■ Required action
Would you print the listing that follows exactly, but without its pictures?

:: Data excerpt

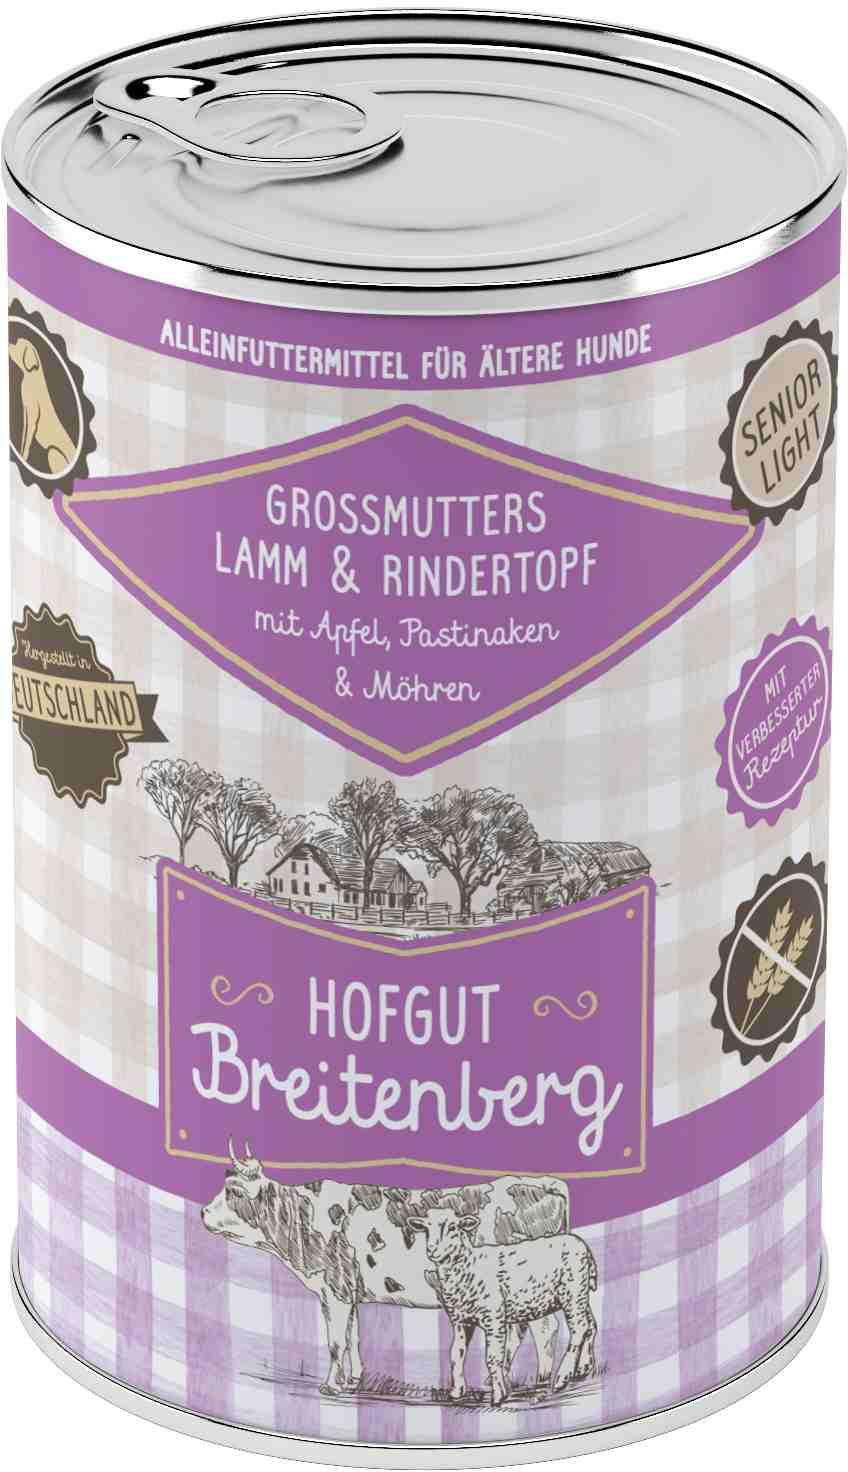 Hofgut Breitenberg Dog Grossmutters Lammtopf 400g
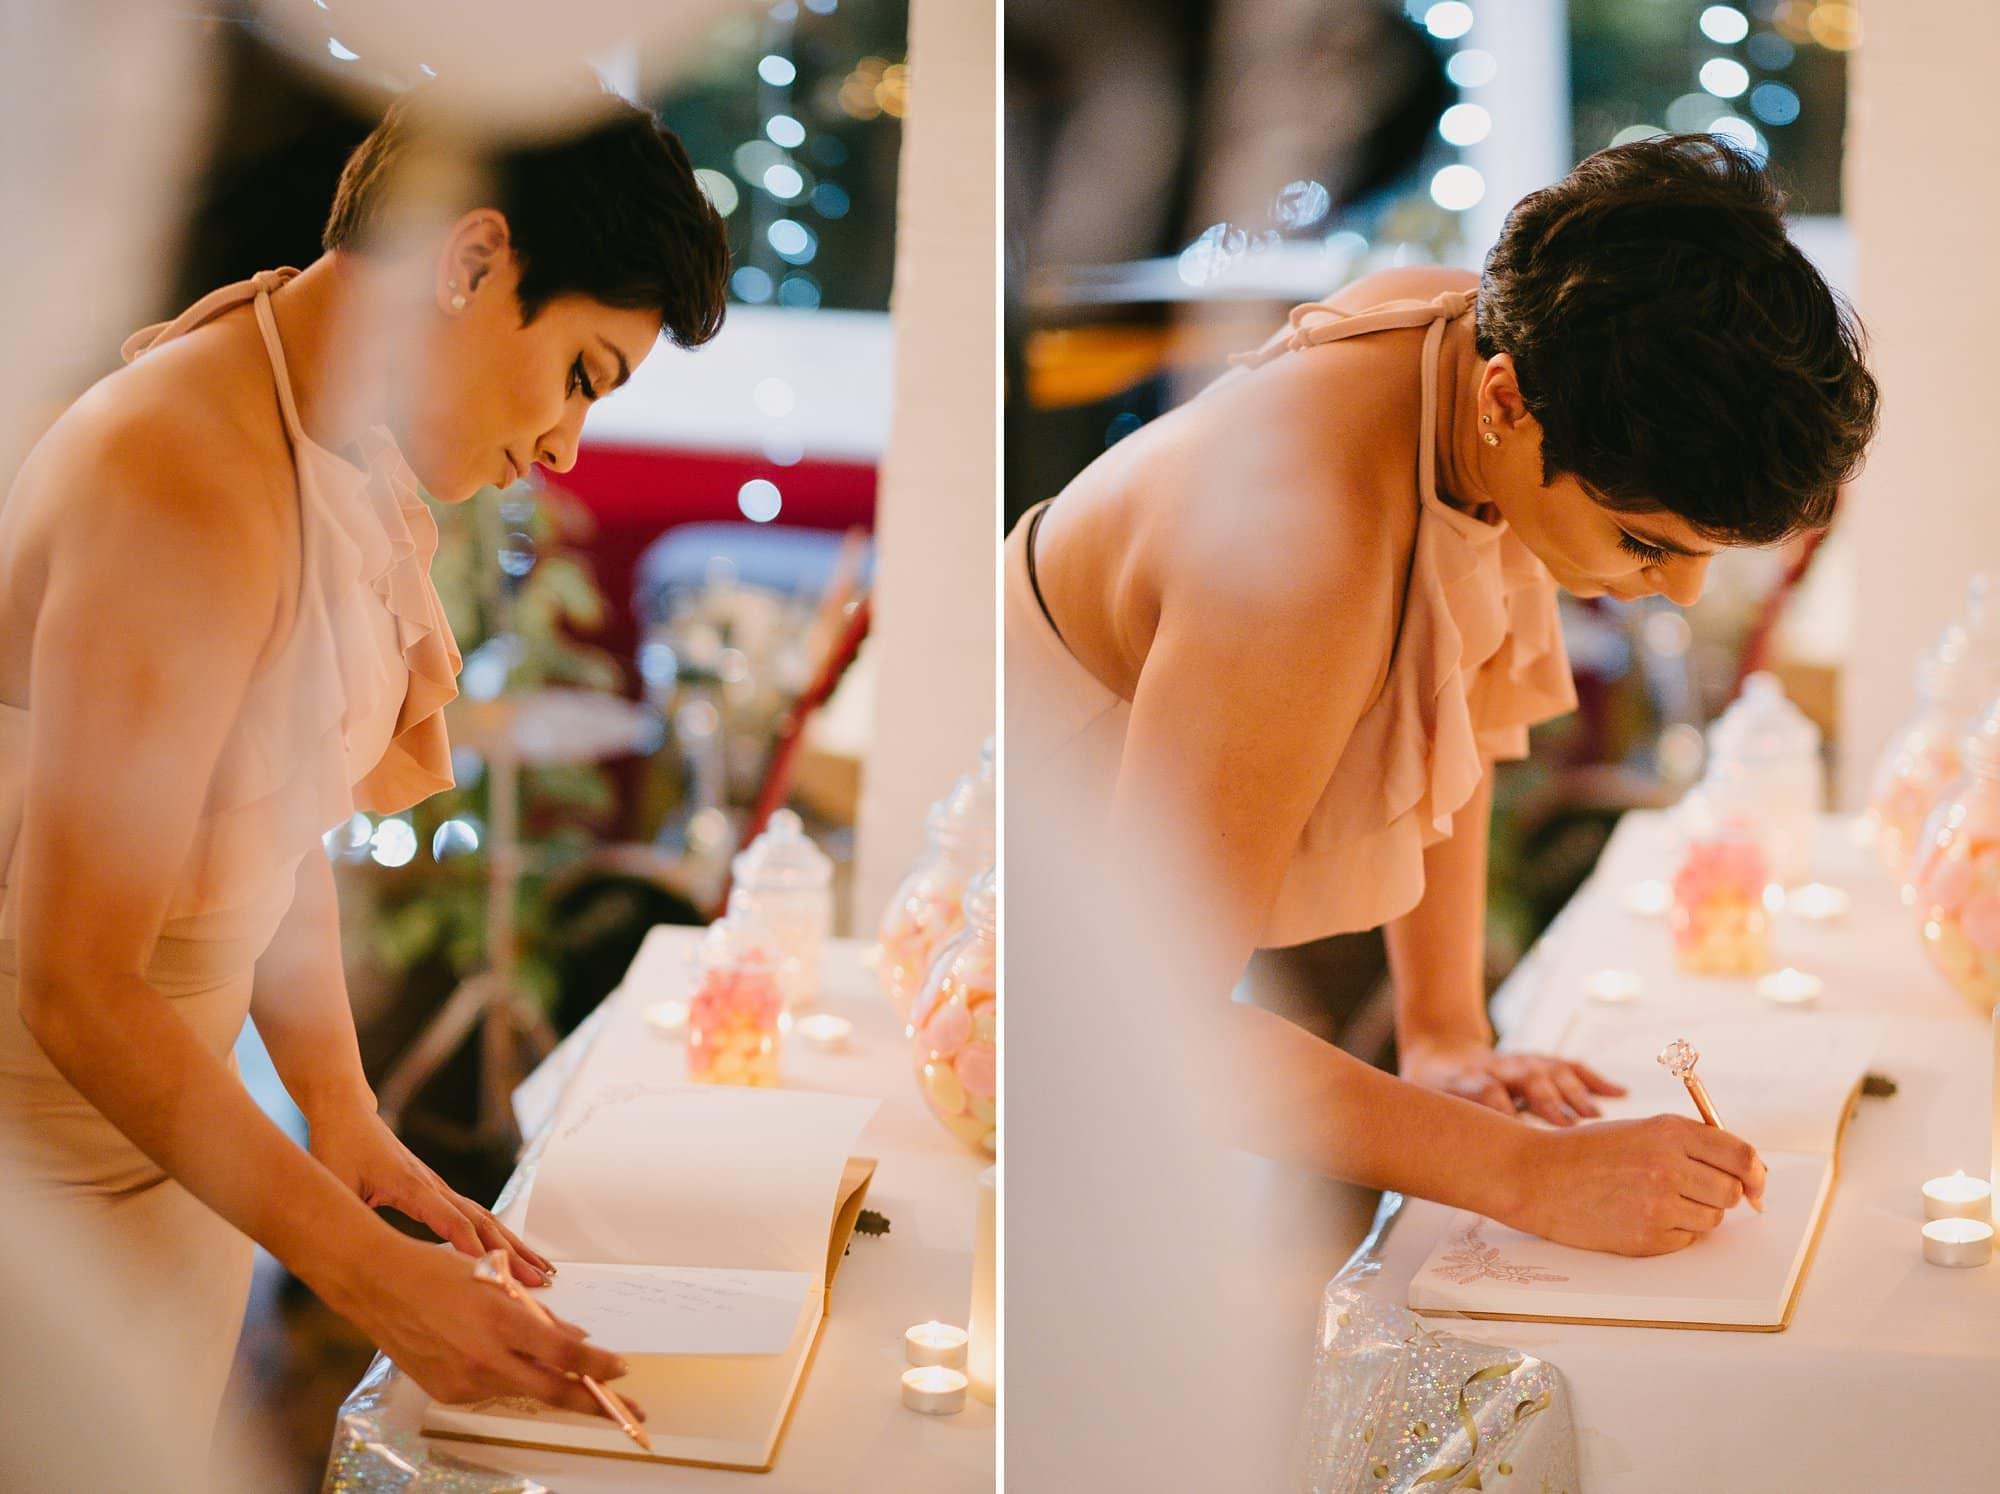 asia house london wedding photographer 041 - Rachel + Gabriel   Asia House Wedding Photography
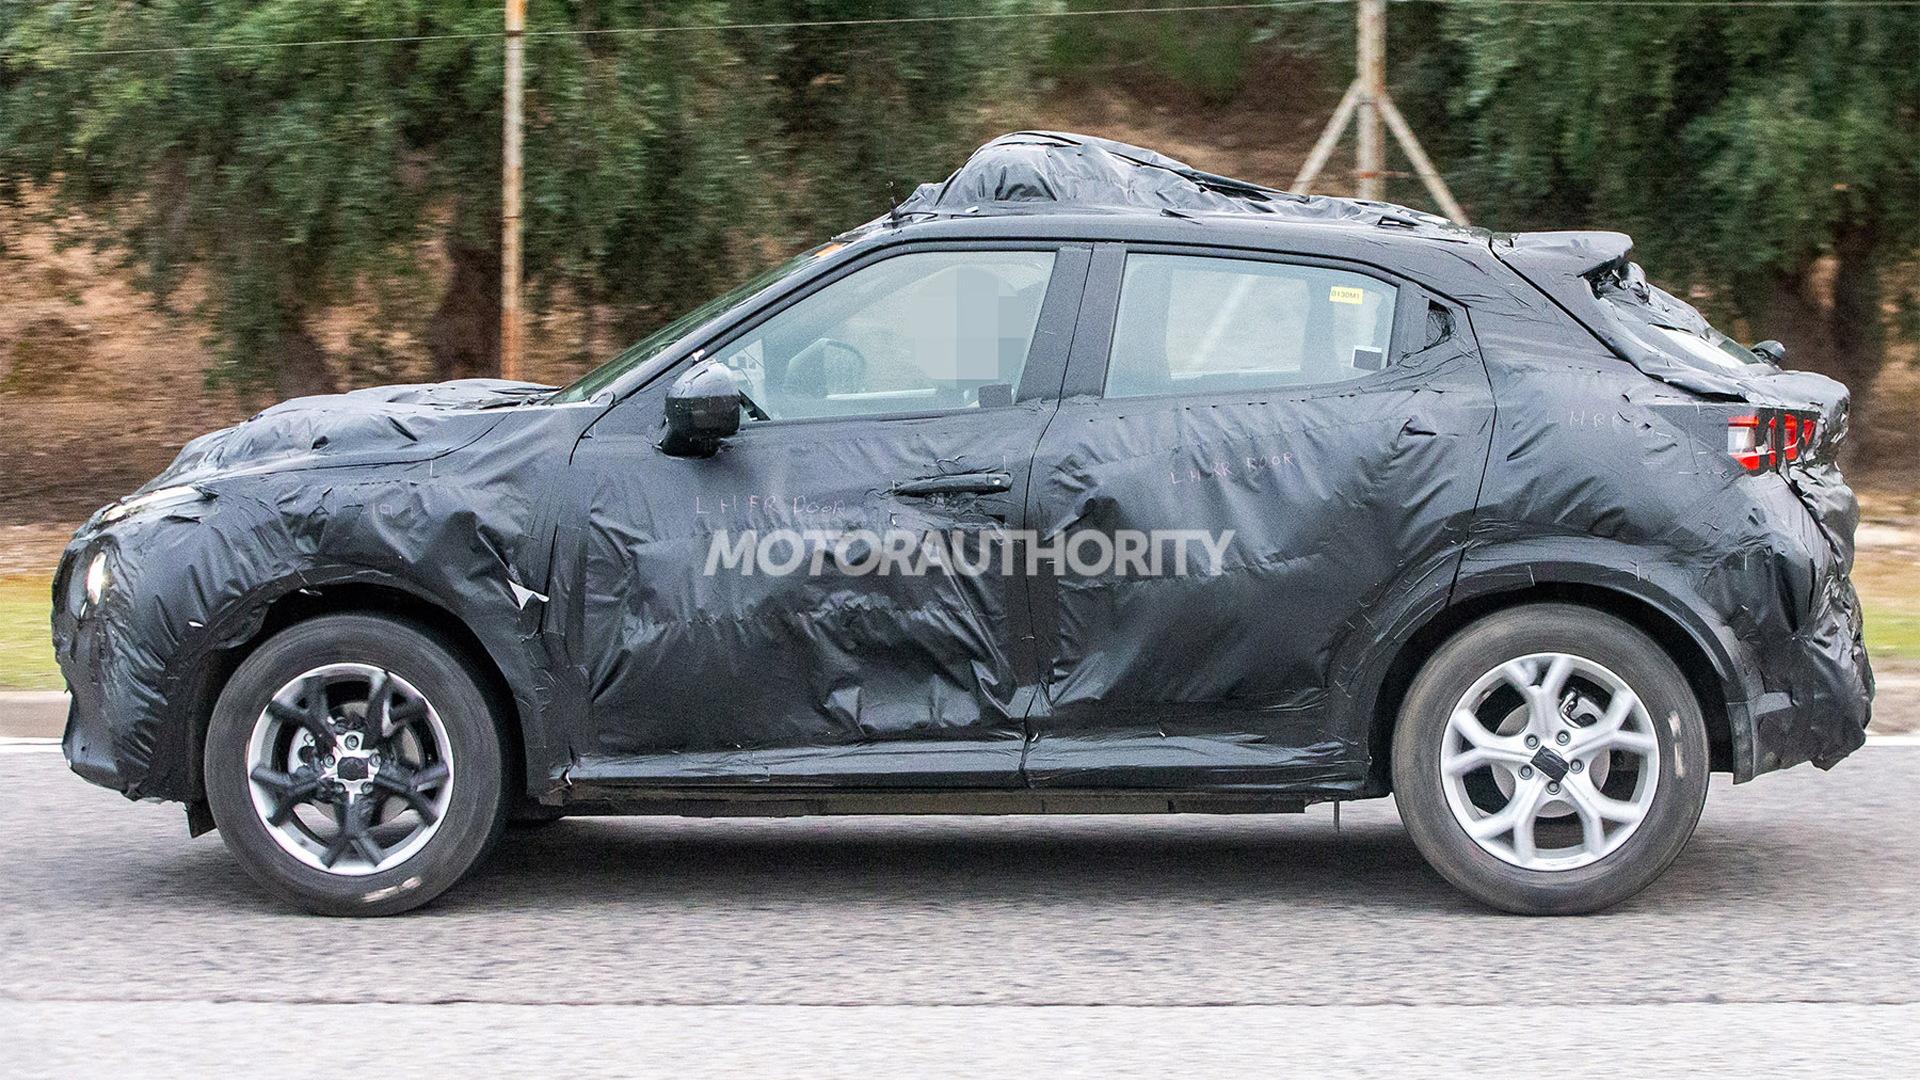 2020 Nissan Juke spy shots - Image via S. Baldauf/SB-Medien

::::

■ Solution to this problem
 Hofgut Breitenberg Dog Grossmutters Lammtopf 400g
 asia house london wedding photographer 041 - Rachel + Gabriel   Asia House Wedding Photography
 2020 Nissan Juke spy shots - Image via S. Baldauf/SB-Medien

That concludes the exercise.